Problem details
Transcribe only part of the material below: the lines from the one containing "Christmas calories don't" through the one containing "Taco Bell: Quesarito", inclusive, exactly as written.

____ Records provided

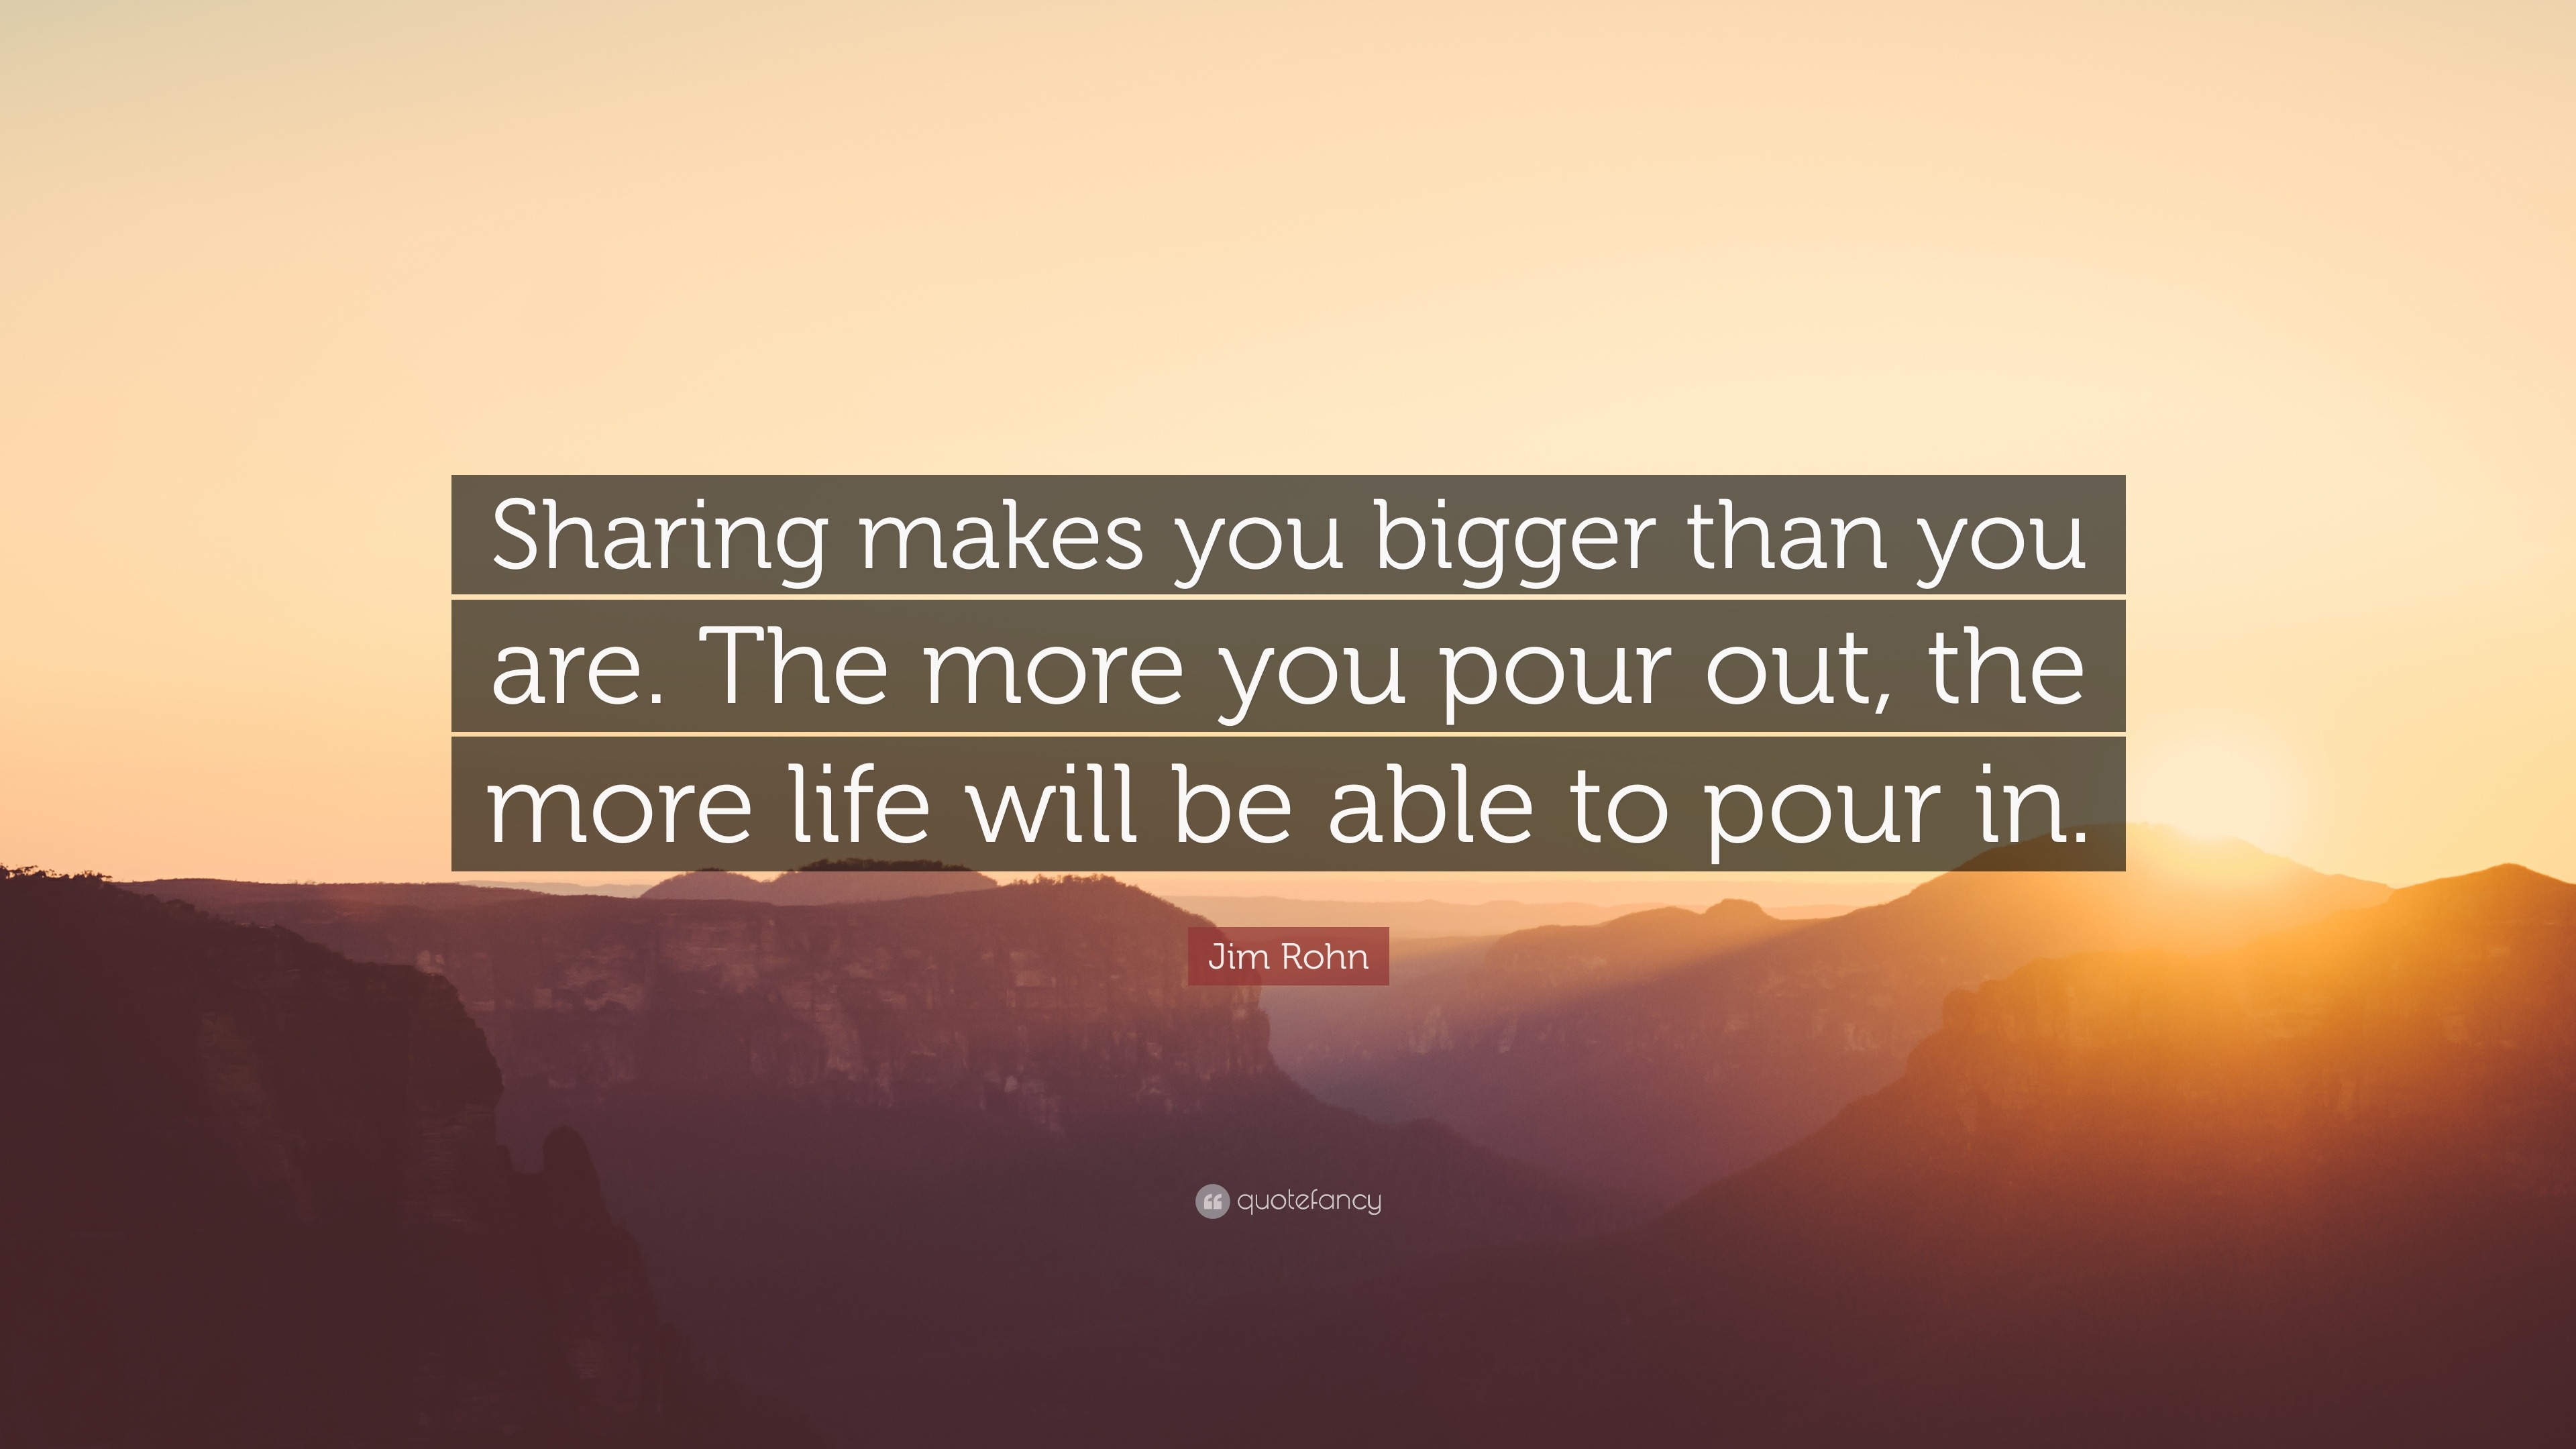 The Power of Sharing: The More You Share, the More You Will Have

________
____ Records provided

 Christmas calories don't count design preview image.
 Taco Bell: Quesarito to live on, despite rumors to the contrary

________
____ Records provided

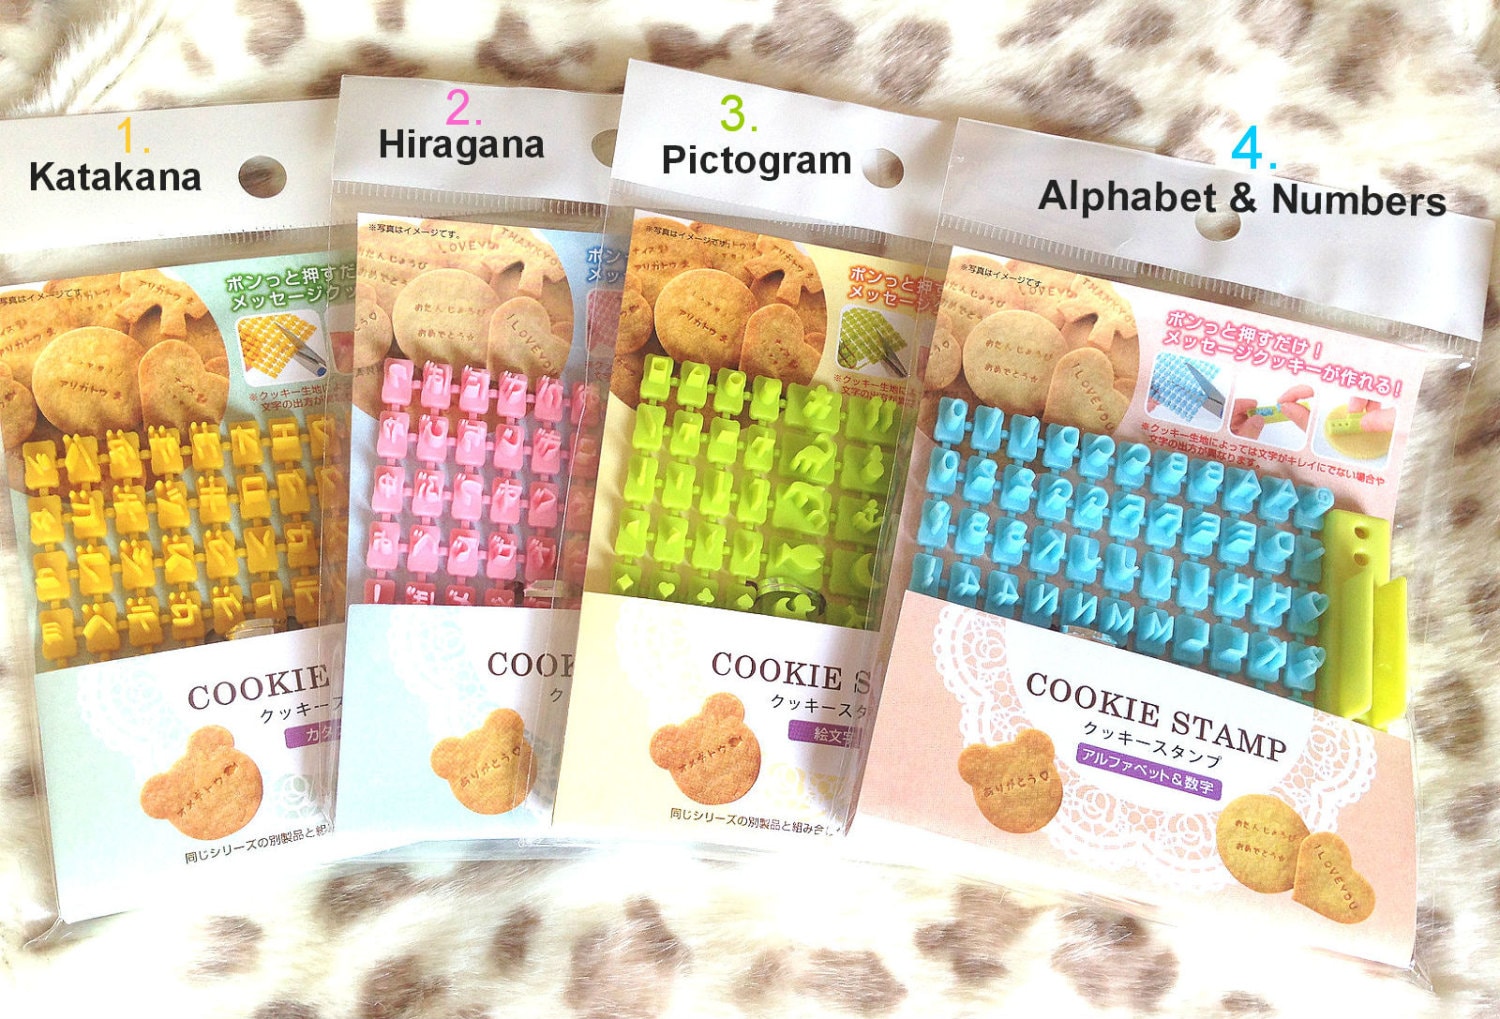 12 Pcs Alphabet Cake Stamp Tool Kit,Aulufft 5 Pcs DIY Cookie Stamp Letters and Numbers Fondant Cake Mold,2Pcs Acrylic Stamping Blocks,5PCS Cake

________

Output for this exercise
 Christmas calories don't count design preview image.
 Taco Bell: Quesarito to live on, despite rumors to the contrary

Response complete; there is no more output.